But soon Jake and Elwood are on their way to the Triple Rock Baptist Church pastored by the Reverend Cleophus (the Godfather of Soul, James Brown.) Elwood tells Jake, "We've got to make that move toward redemption. We've got to go to church."

Jake and Elwood appear to be the only two white people there when they enter the Triple Rock. A neon cross decorates the wall with the motto, "There is Power in the Cross." There is also stained glass and a river painted in the front of the church (the River Jordan, perhaps). The Reverend is indeed preaching about eternal destiny, mourning lost souls and warning that "the day of the Lord cometh as a thief in the night."

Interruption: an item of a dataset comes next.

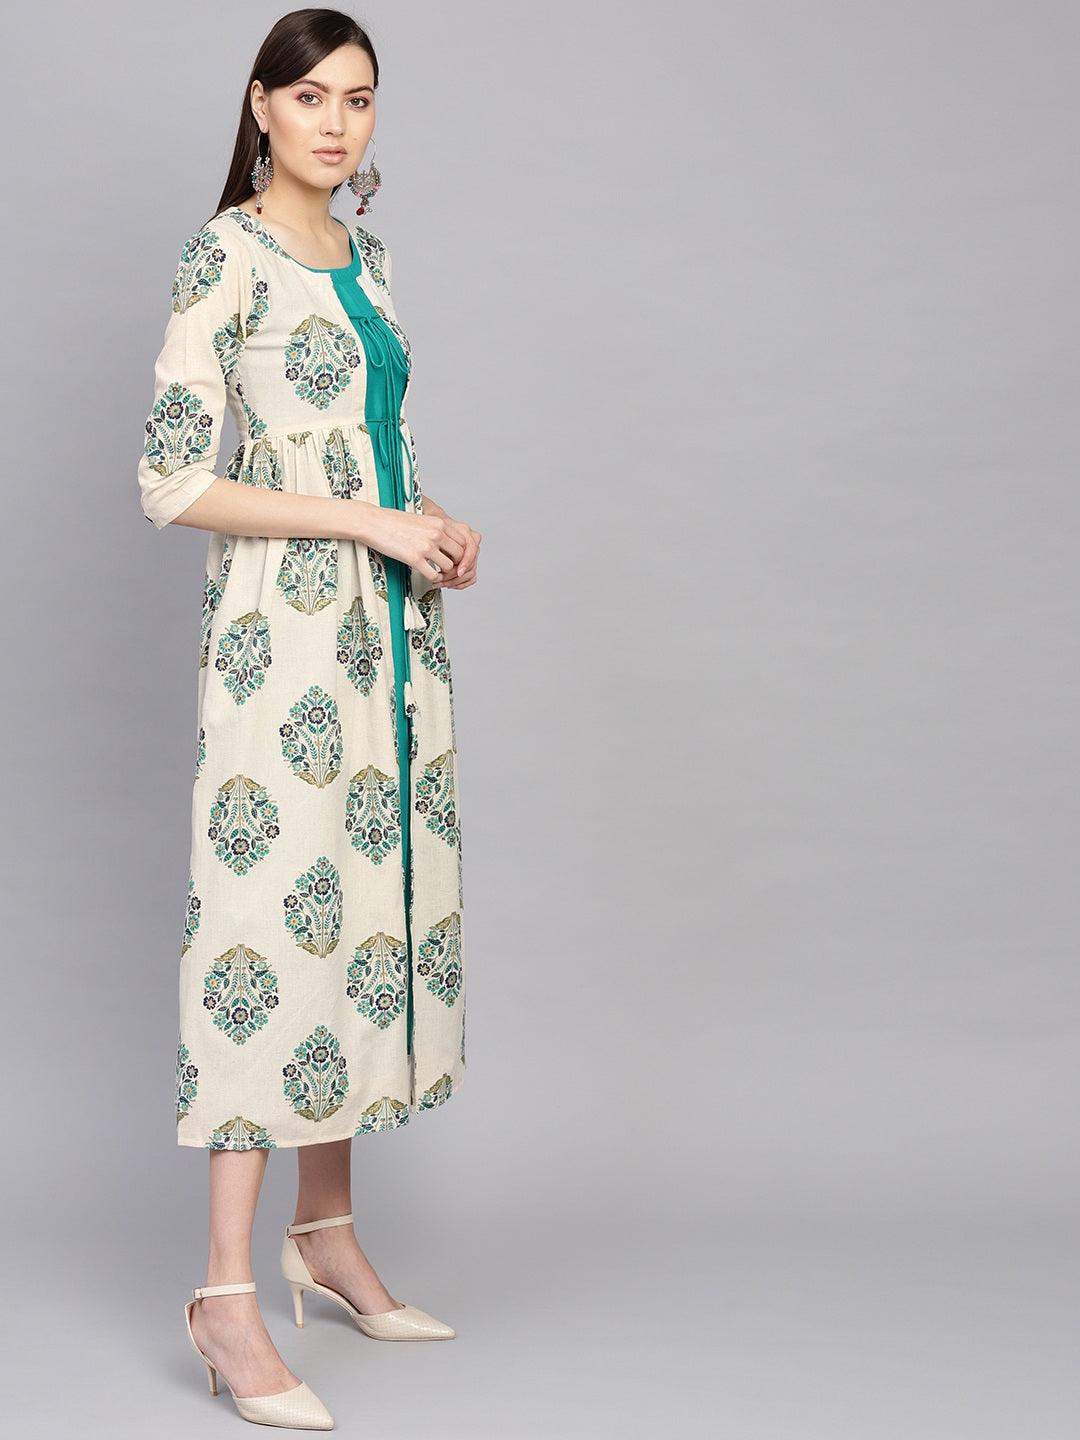 Green Printed Rayon Dress With Jacket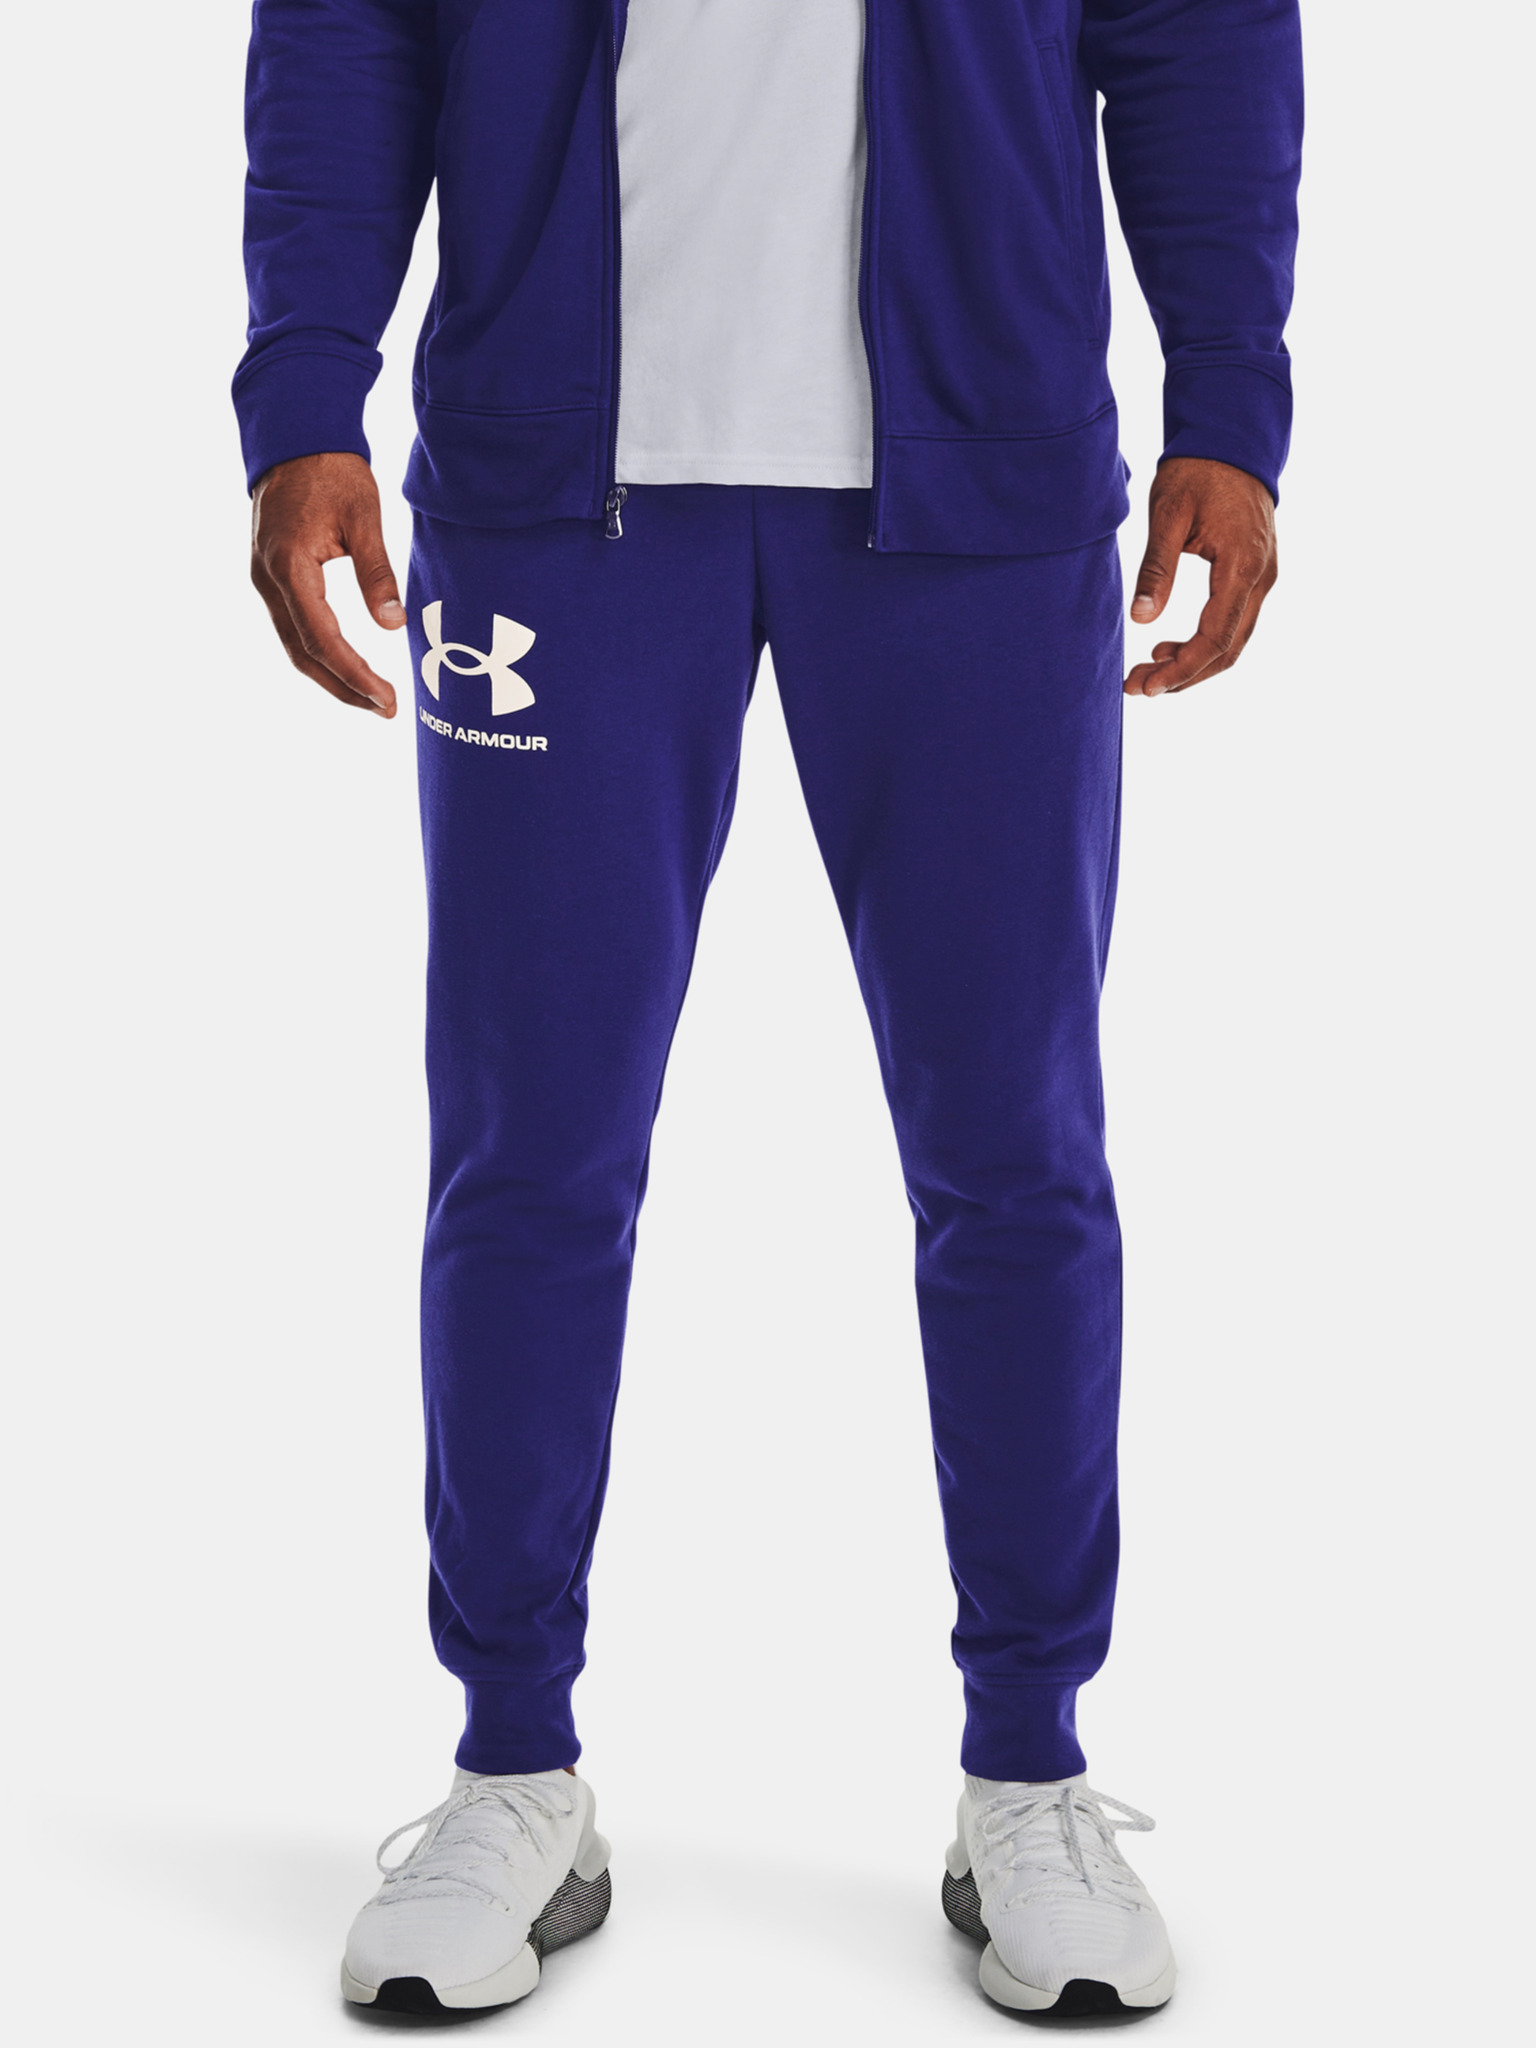 Under Armour - UA Rival Terry Sweatpants

Then the music kicks in; loud, raucous Gospel music, exhorting the congregation to "Preach the Word! All the way! Feel it! Know it! Raise your voices!" All are singing exuberantly and many are dancing with abandon.

Elwood looks at Jake who looks shaken, asking, "Jake, are you all right?"

Jake is more than all right. He sees a light from heaven and suddenly seems full of joy. He cartwheels down the aisle and the Reverend asks if he's seen the light. Jake has.

Jake tells Elwood that God has shown them how they can earn the money for the orphanage legally. They can put together the old band. Elwood joins him in praise, proclaiming, "God bless the United States of America!" Both dance.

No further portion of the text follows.